ES3000 V2 appears erro:SEU fault

Publication Date:  2016-09-09 Views:  211 Downloads:  0
Issue Description
Below error is occurred during ES3000 inspection:

Average EC:             209
        Max bad block rate:     0.080%
        Event log:              1 error(s)
        Health:                 Fatal

# hio_info -d /dev/hioa
hioa    Size(GB):               1204
        Max size(GB):           1204
        Serial number:          030PXS10D2000011
        Driver version:
        Bridge firmware version:        228
        Controller firmware version:    228
        Battery firmware version:       105
        Battery  status:        Warning
        Run time (sec.):        73346200
        Total  IO  read:        4067017862
        Total  IO write:        4815334486
        Total  read(MB):        87612080
        Total write(MB):        178392684
        IO timeout:             0
        R/W error:              0
        Max bit flip:           8

# hio_log -d /dev/hioa
2014-07-20 03:57:38 <0x93> hioa controller 0: SEU fault
Handling Process
1. Power off the server then power on, to start the system regularly.

2. Backup the data on the ES3000 if requires. Ignore the step if no need to save the data.

3. Execute the command to delete the data on SSD:

hio_cleardata -d /dev/hioa

4. Execute hio_clear command to clear the log information as below steps:

1) cd /usr/local/hio
2) tar -xvf toolsd
3) /usr/local/hio /hio_clear -d /dev/hioa -il
// Please notice that is half-angle of “-” in step3,4. The parameters of log deletion is lower-case letter i and l.

Result after clearing:

5. After reboot the system, check the status by command of hio_info.
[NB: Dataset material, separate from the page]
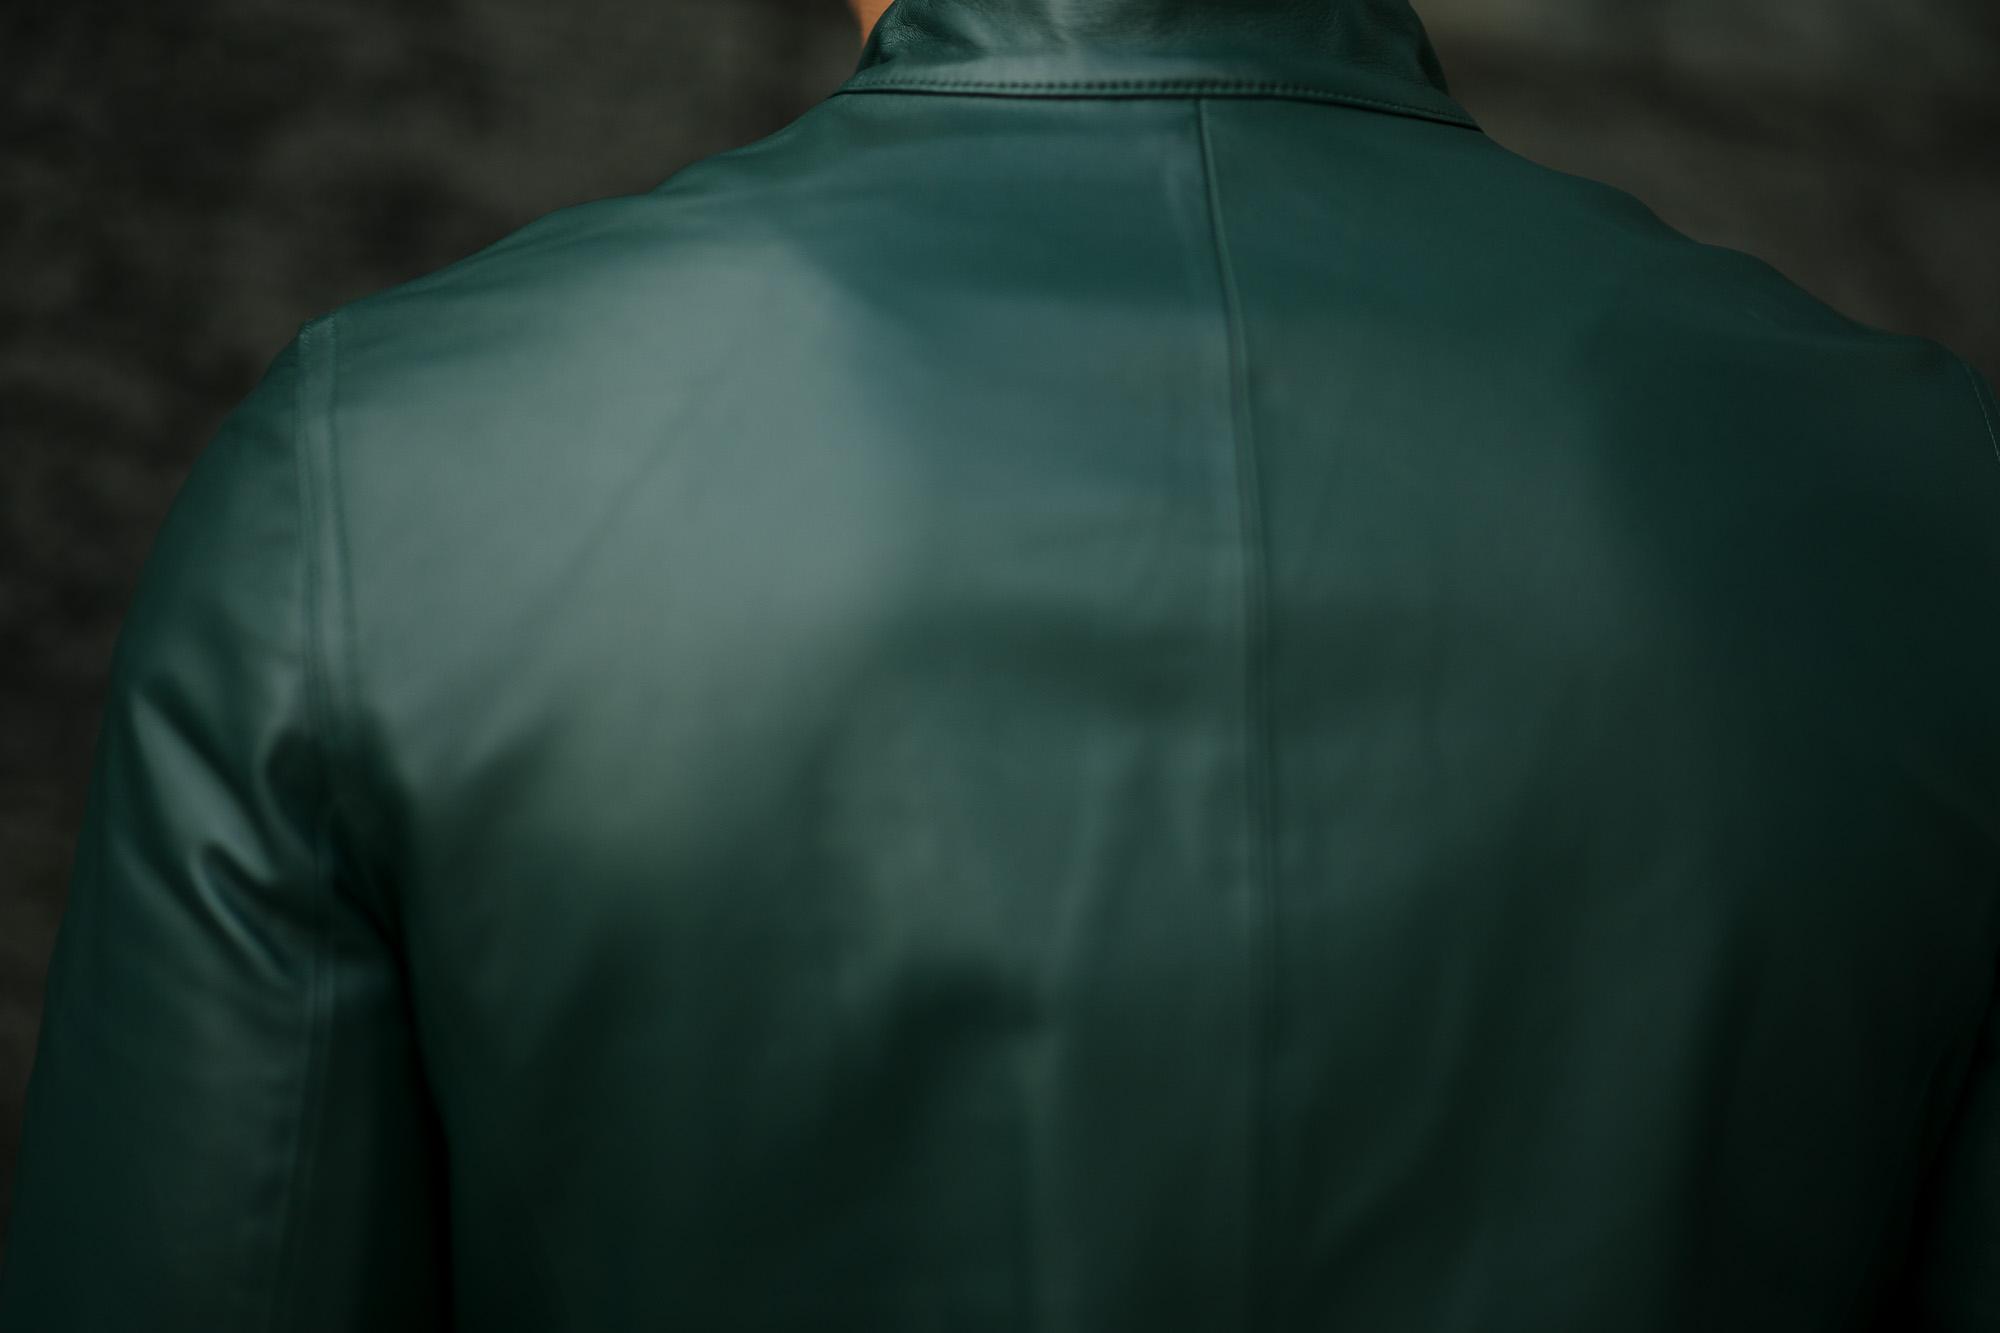 EMMETIエンメティ JOSEPH ジョセフ Lambskin Nappa Leather ラムナッパ レザー ダブルライダース BISTRO GARDEN グリーン イタリア製 2020 秋冬 【入荷しました】愛知 名古屋 altoediritto アルトエデリット レザージャケット ライダー
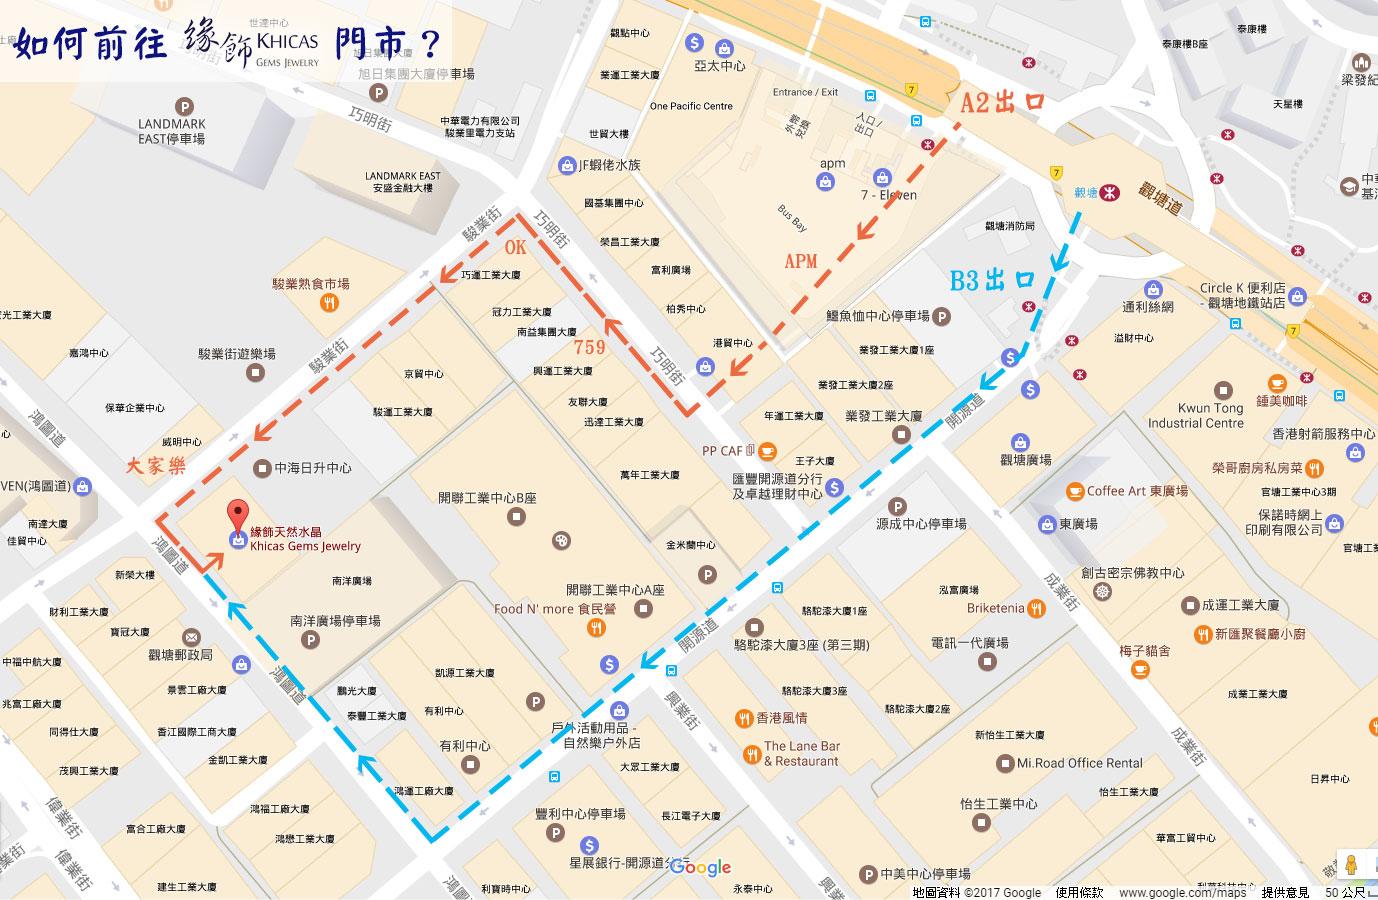 前往緣飾天然水晶門市路線圖 Road Map to Khicas Gems Jewelry

If it shows OK that means recover successfully.

Root Cause
This fault is caused by soft failure of FPGA. It’s a general phenomenon which used to happen to RAM devices in industry.

The causes of soft failure of FPGA are as below:

1. Soft failure is the specific phenomenon of all of the semiconductor devices but especial RAM. And it will cause instant Bit inverting but not permanent damage.

2. FPGA is the structure base on SRAM which is possible to cause soft failure.

3. FPGA soft failure is caused by Bit inverting when the neutron of cosmic ray shocked the bit space of RAM. It will be recovered after reload the configuration.

4. ES3000 is doing SEU inspection to make sure the correctness and consistency of data. It will report immediately once error appears during scanning to all the spaces of FPGA by internal dedicated engine.

5. The probability of failure which is given by vendor is 65Years/Time for one chip. We do statistics for all the SEU have been delivered and current is within the target for FPGA.
Reboot the server and delete the ES log information.